A Python library for Imbalanced Regression with SMOGN, stratified CV, and utility-based metrics.
Project description
imbreg
imbreg is a powerful Python library specifically designed to tackle the Imbalanced Regression problem. It facilitates the processing of datasets with missing values, applies advanced synthetic over-sampling techniques like SMOGN (Synthetic Minority Over-sampling Technique for Regression with Gaussian Noise), evaluates predictive models using utility-based metrics, and manages stratified cross-validation partitioning.
Key Features
- SMOGN Resampling (DIBS): Generates synthetic examples for extreme minority values in continuous domains using the DIBS strategy (a combination of SmoteR interpolation and GaussNoise perturbation).
- Stratified Partitioning: Implements purely stratified cross-validation (CV) algorithms to ensure that extreme values are evenly distributed across folds.
- Robust Data Imputation: Native integration with iterative algorithms (Scikit-Learn IterativeImputer) that prevents data leakage between training and test partitions.
- Advanced Utility-based Metrics: Precise calculation of specialized metrics for imbalanced regression:
- Utility-based F1-Score ($\beta$-measure).
- SERA (Squared Error Relevance Area).
- Dataset Loading (KEEL/CSV/ARFF): A smart data loader that infers categorical variables, caps decimals, maps ranges, and cleans noisy values automatically.
- Data Visualization: Built-in 2D and 3D plotting modules (using Plotly, Seaborn) to visually analyze the relevance of the target variable and the impact of noise/distribution.
Requirements and Installation
To use this library, ensure you have Python 3.9 or higher installed. The main dependencies are built around the classic data science ecosystem.
pip install imbreg
Quickstart Guide
Here is a quick snippet of how to use the core functions:
1. Generate Partitions (Cross-Validation)
The cv_partitions function will take care of reading your original dataset, cleaning it, performing missing data imputation, and injecting SMOGN oversampling automatically into each repetition.
from imbreg import cv_partitions
cv_partitions(
ds_name="my_dataset.csv",
ds_location="raw_data/",
times=1, # Number of repetitions
folds=10, # Number of partitions (k-fold)
strat=True, # Enable stratification
smogn=True, # Apply SMOGN during training
impute=True, # Impute missing values (NaNs)
out_dir="Output/" # Output directory for raw data partitions
)
2. Evaluate Predictions
Once the physical folds are generated on your disk, you can automatically train the algorithms and retrieve the results summary containing SERA and F1 metrics.

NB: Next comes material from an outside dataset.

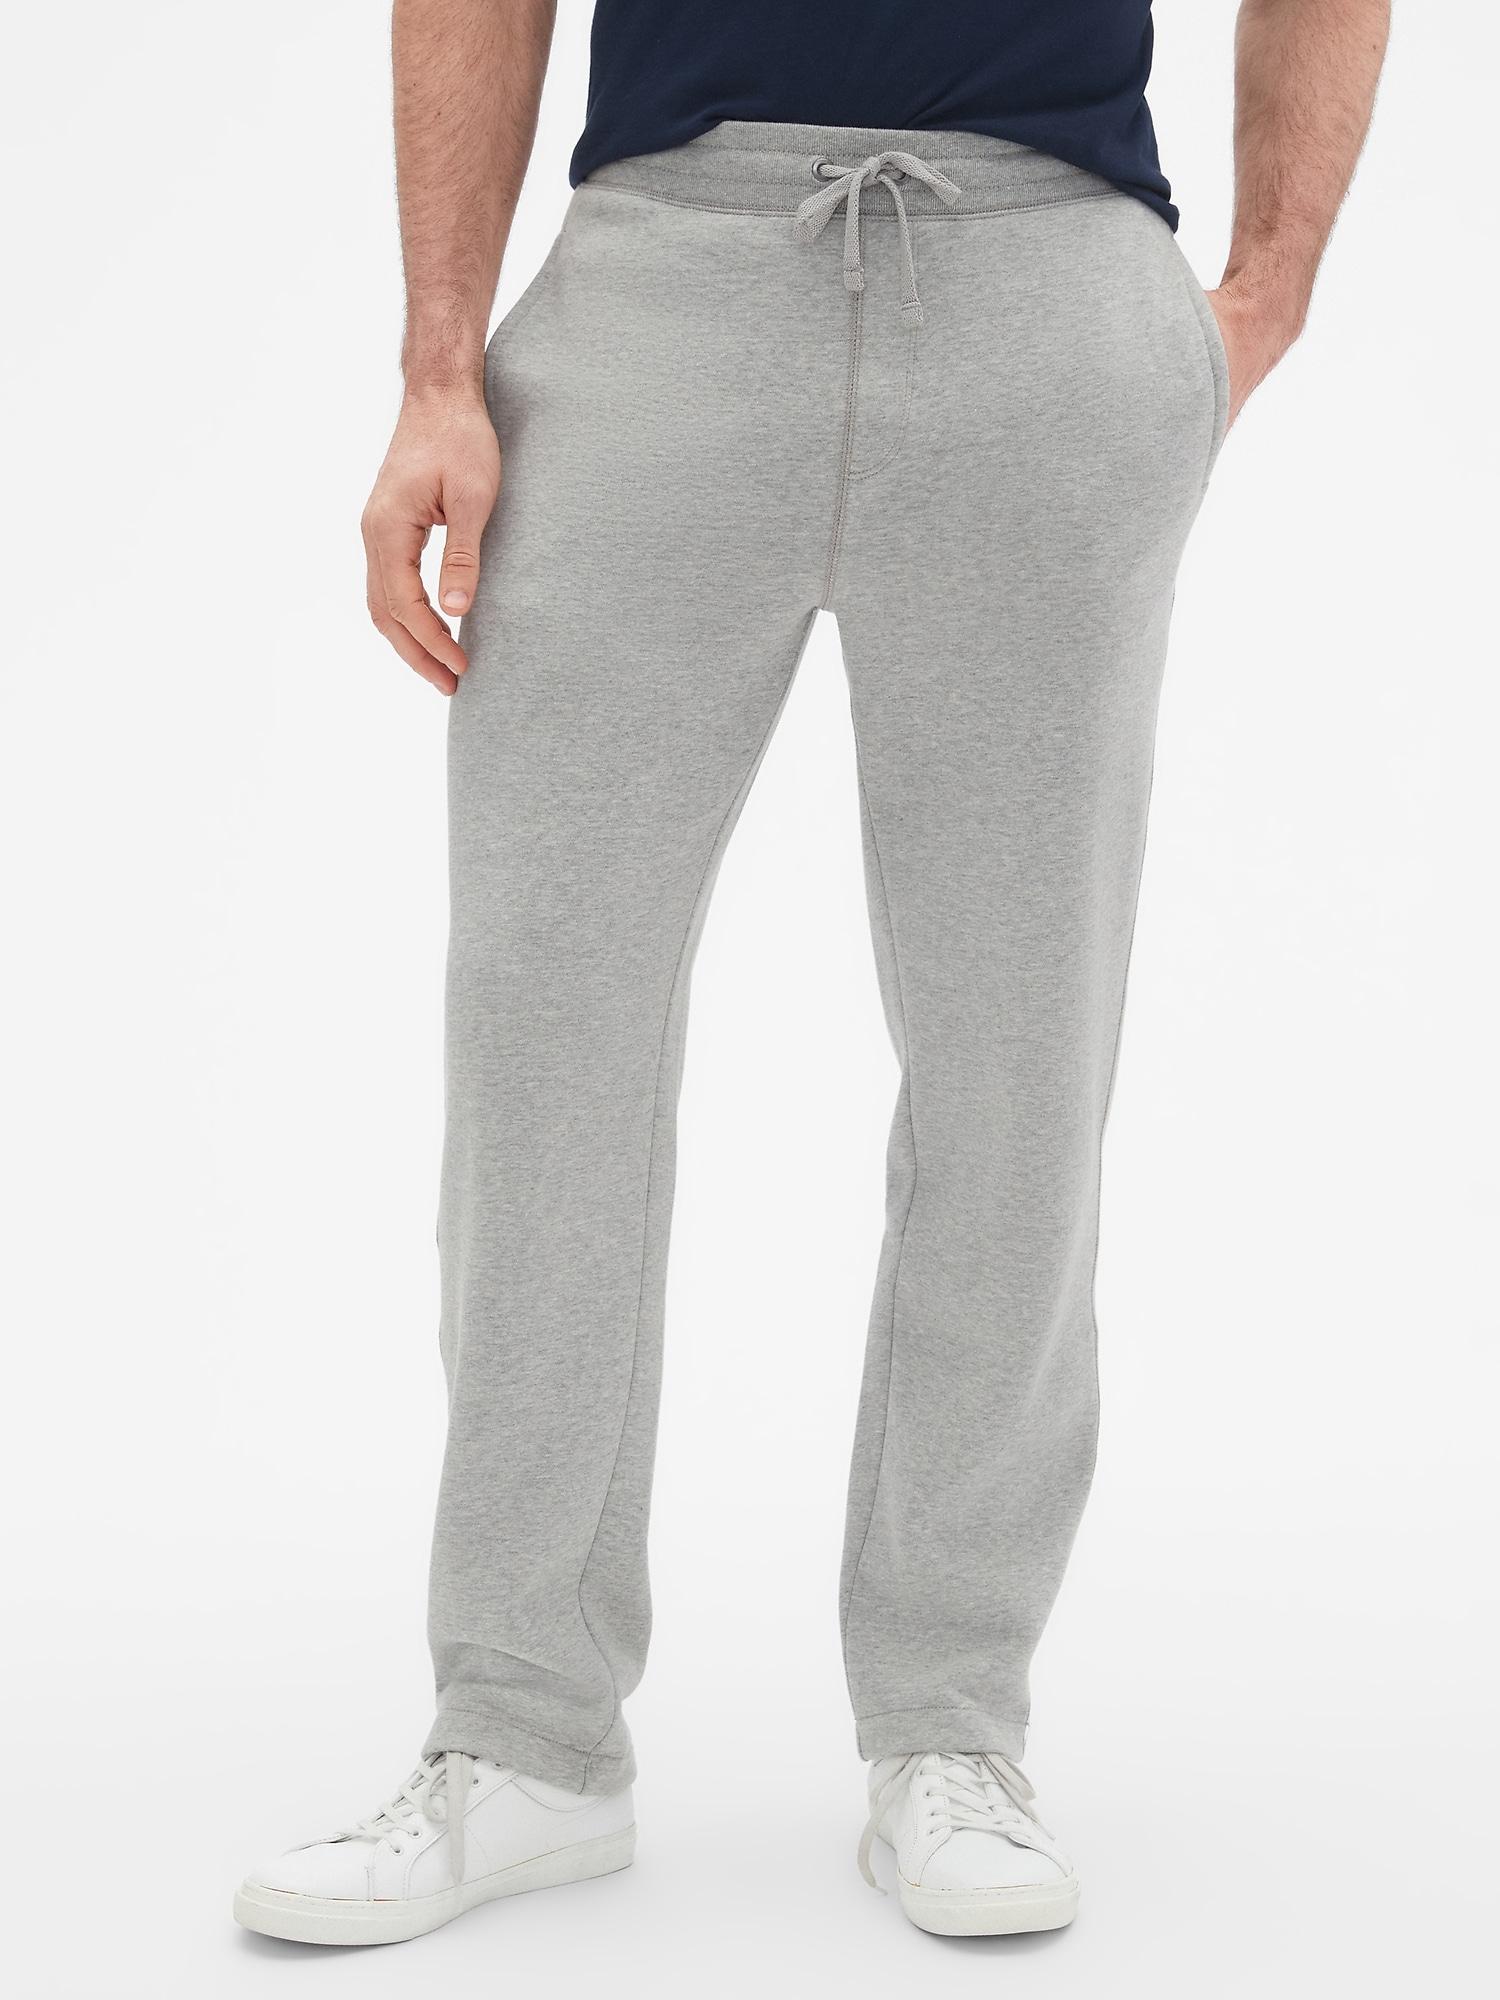 GAP Factory Fleece Sweatpants in Grey Heather (Gray) for Men - Save 32% ...

from imbreg import evaluate_folds
results = evaluate_folds(
output_dir="Output/", # Directory containing the generated folds
dataset="my_dataset",
model_type="rf", # 'rf' (Random Forest), 'et' (Extra Trees), 'xgb' (XGBoost)
n_reps=1,
n_folds=10,
use_imputation=True,
use_smogn=True,
thr_rel=0.8 # Relevance threshold to define "rare" cases
)
# You can export these results to a flat structure using the built-in exporter
from imbreg.validation import export_experiment_summaries
export_experiment_summaries(results, output_dir="Results/", dataset_name="my_dataset", flat_output=True)
3. Visualize the Data
Analyze the relevance curve of your target variable:
import matplotlib.pyplot as plt
from imbreg import read_dataset, phi_control, plot_target_distribution
# Load dataset and create relevance control structure
df = read_dataset("my_dataset.csv", "raw_data/")
ctrl = phi_control(df["y"].values, method="extremes")
# Visualize distribution vs relevance
fig = plot_target_distribution(df, target_col="y", phi_ctrl=ctrl, thr_rel=0.8)
plt.show()
Project Structure
imbreg/
│
├── data_loader.py # I/O functions (CSV/KEEL) and imputation wrappers
├── metrics.py # Mathematical evaluation functions (Utility F1, SERA, Bumps)
├── models.py # Training and prediction wrappers (RF, ET, XGBoost)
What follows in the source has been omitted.